Автор книги: Виктор Астафьев
Жанр:
Современная проза
сообщить о нарушении
Текущая страница: 17 (всего у книги 58 страниц) [доступный отрывок для чтения: 21 страниц]
Есть игроки с лешачьей верткостью – моргни только – и его Ванькой звали! Иного бьешь в упор, он выгнется, ровно змея, и… мимо! Игрок открытого боя не бросается наутек, тот, защученный в поле, раскинув руки, прет на сближение, не давая бить его со скользом, норовит поймать мяч, и не успеешь ты его ушить, как он тебе влепит ответно. Но встречаются такие пареваны – жохи, которые, помимо всех известных фортелей и уловок, выискивают неожиданные подвохи, смекают на ходу. К таким относился Санька! Гад! Паразит! Каторжанец! Немытая харя! И… не знаю, кто еще!

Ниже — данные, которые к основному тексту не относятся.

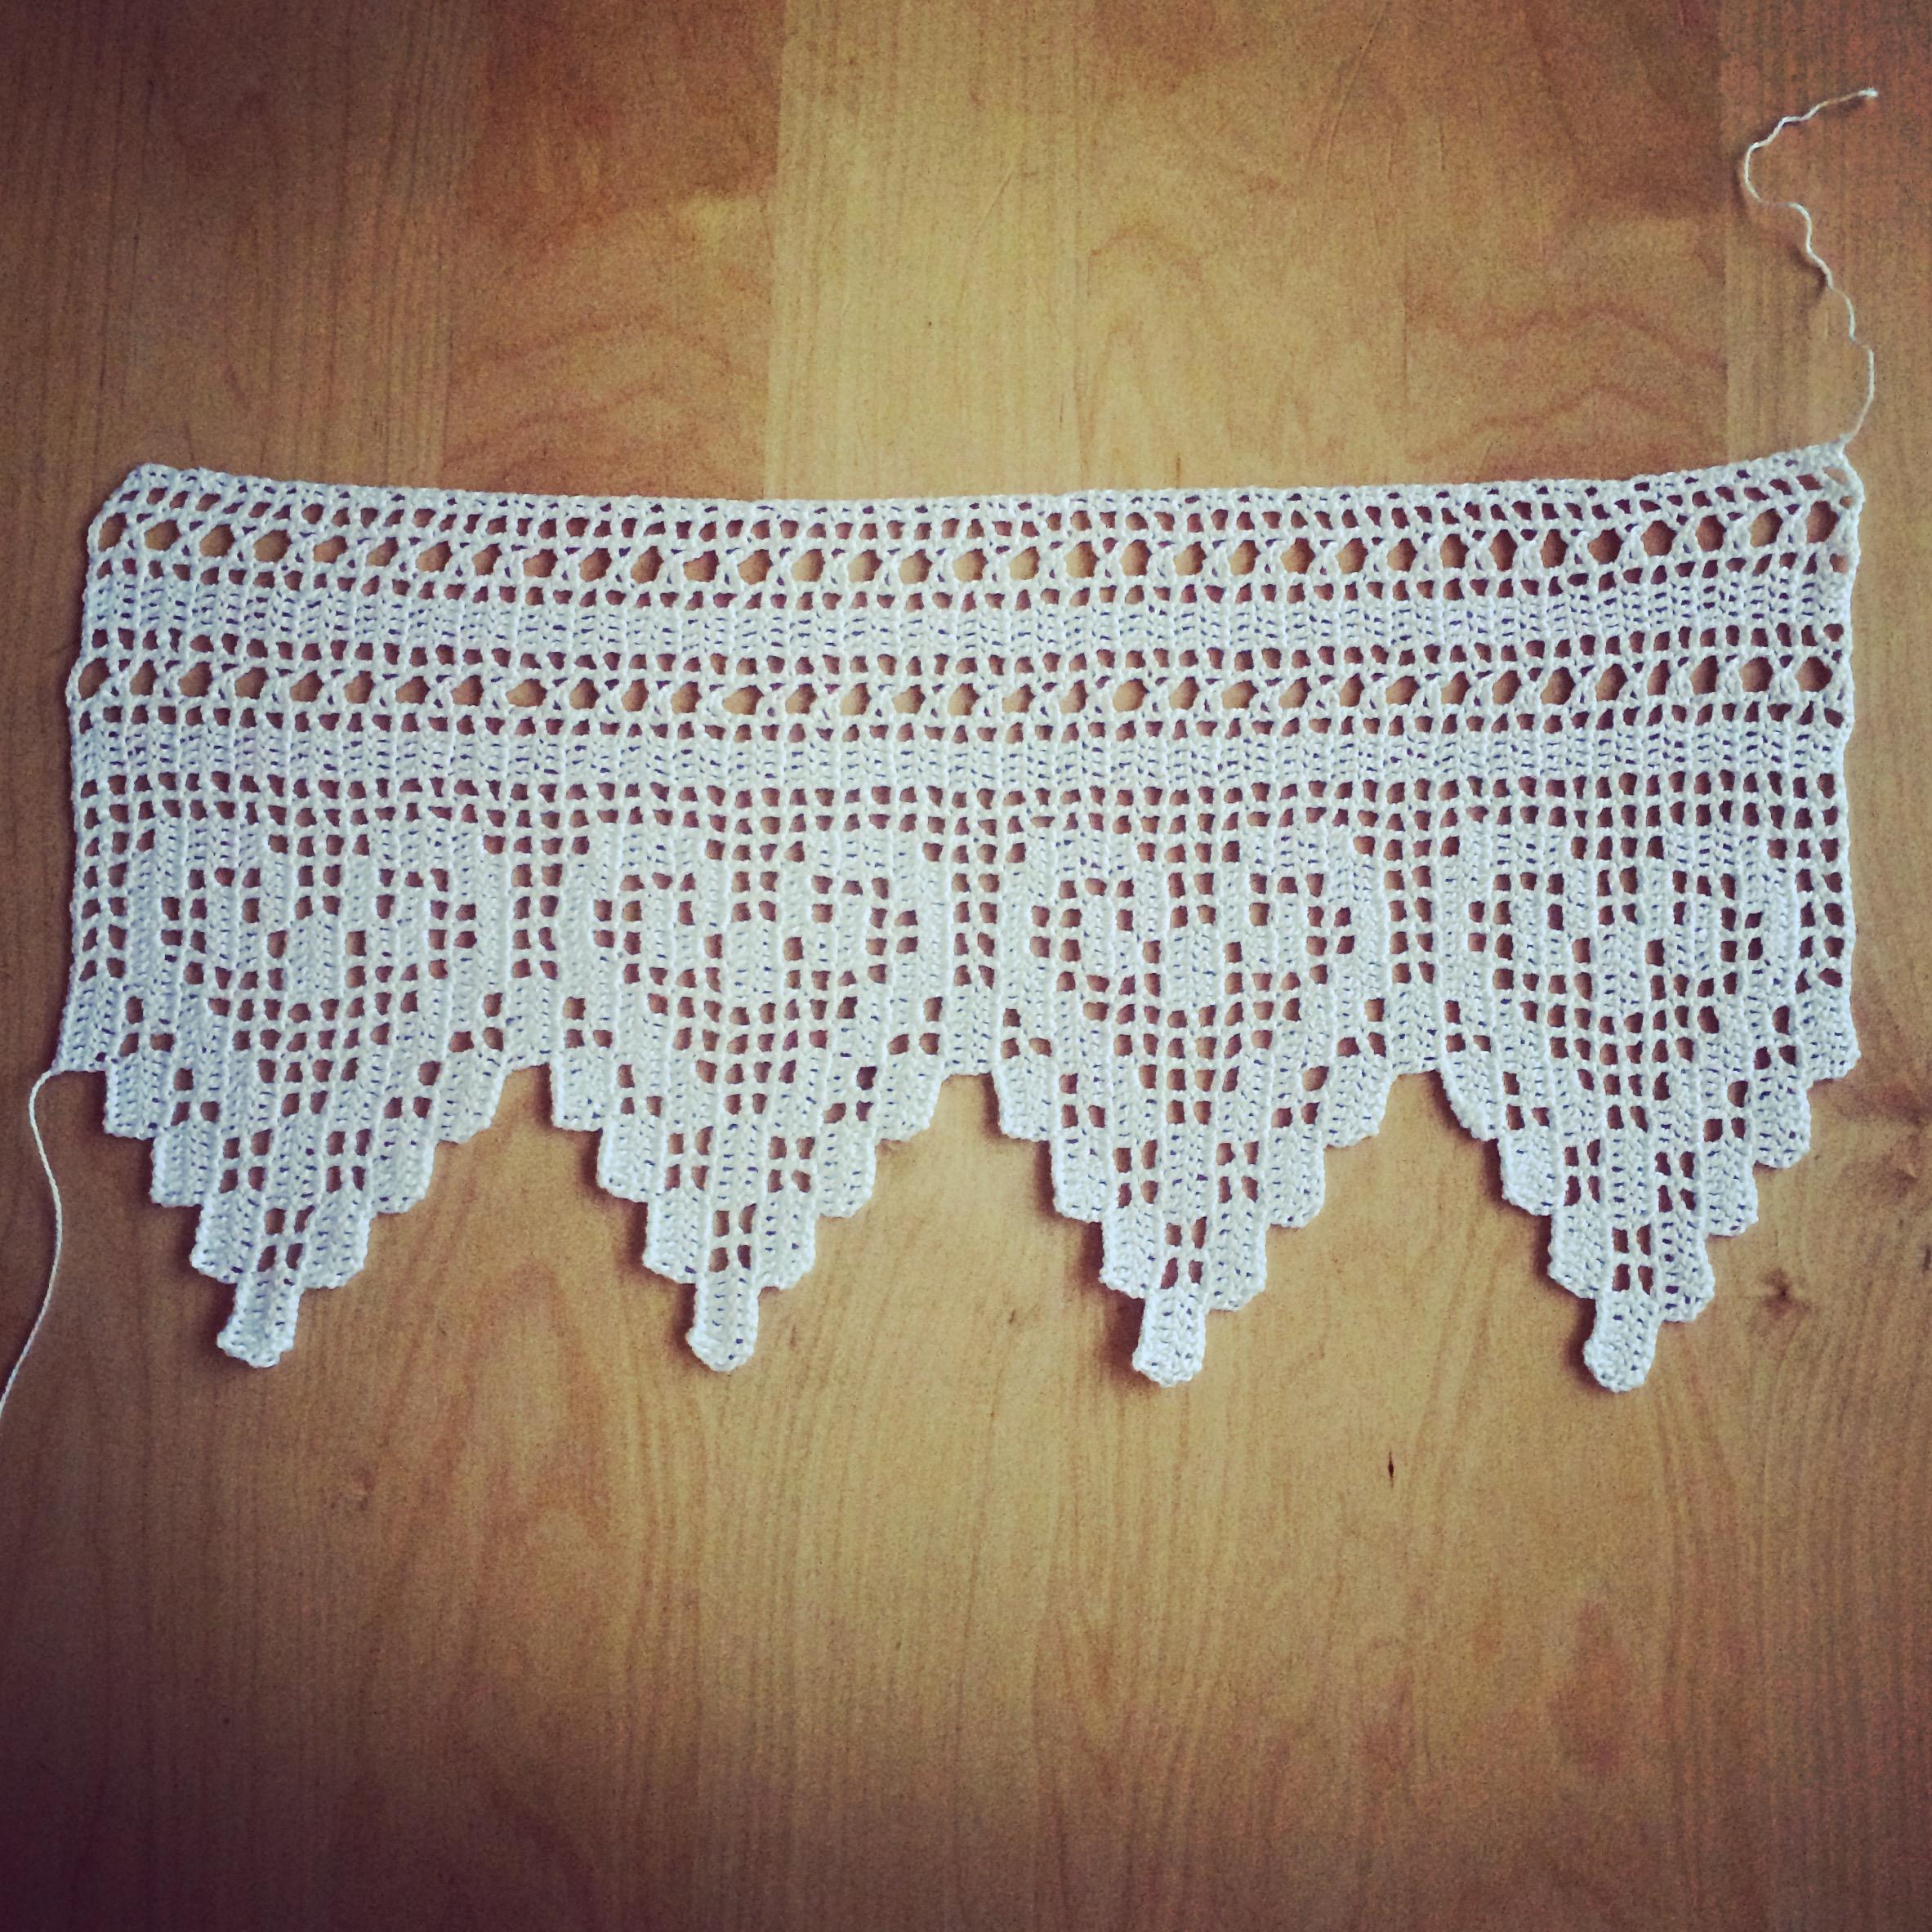 Exceptionnel Brise Bise Motif Coeur   1ère Partie | MyLittleCuteAmis   Amigurumi And  Crochet Blog With Free Patterns

Вот он строчит вспять, к «салу». Колька швырк мне мячик. Заметался Санька, заплясал, вызывая поспешный удар. Я замахиваюсь раз – он приседает, замахиваюсь второй – он подскакивает. Публика начинает хихикать. Злоумышленник подло распялил рот: «Ну, бей! Бей! Прет, да? Прет?!» – Не пройдет на этот раз, Саня, не пройдет! Ты у меня и напляшешься, и наплачешься! Ближе, ближе Санька, никак ему не удается прикупить меня, вывернуться – давно мы друг друга знаем. Вот уж шаг-друтой разделяют нас – на такой дистанции ничто не может спасти Саньку. Он прибегнет, я знаю, к последнему трюку – при ударе брякнется на землю, и мяч просвистит над ним. Тогда все! Тогда конец! И Санька, и команда его, и публика засвистит, заулюлюкает, добивая неудачника. И пусть не въяве, пусть мысленно, хвалой, одобрениями публика поднимает плута и ловкача на воздух, ликуя, понесет его на руках: говорил же я – в игре все, как в жизни.
Санька пятился от меня. Колька за его спиной взывал тугим шепотом: «Дай! Дай!» – Кольке ловчей ушить Саньку. Нет уж, нет! Я столько натерпелся от этого обормота…
– Р-рыз! – взвизгнул я и, подпрыгнув для удара, сделал бросок рукой, Санька бац в утрешнюю коровью лепеху и затих – нет ликующего вопля, мяч остался у меня. Не давая опомниться поверженному супротивнику, я изо всей силы влепил тугим, что камень, мячиком в бок Саньке, и его, будто притопнутую гусеницу, повело, изогнуло. Он беспомощно возился на земле, сучил ногами, ловил ртом возух, вонзив грязные пальцы в траву…
– Вот! Додразнился… – растерянно топтался я. – В-вот…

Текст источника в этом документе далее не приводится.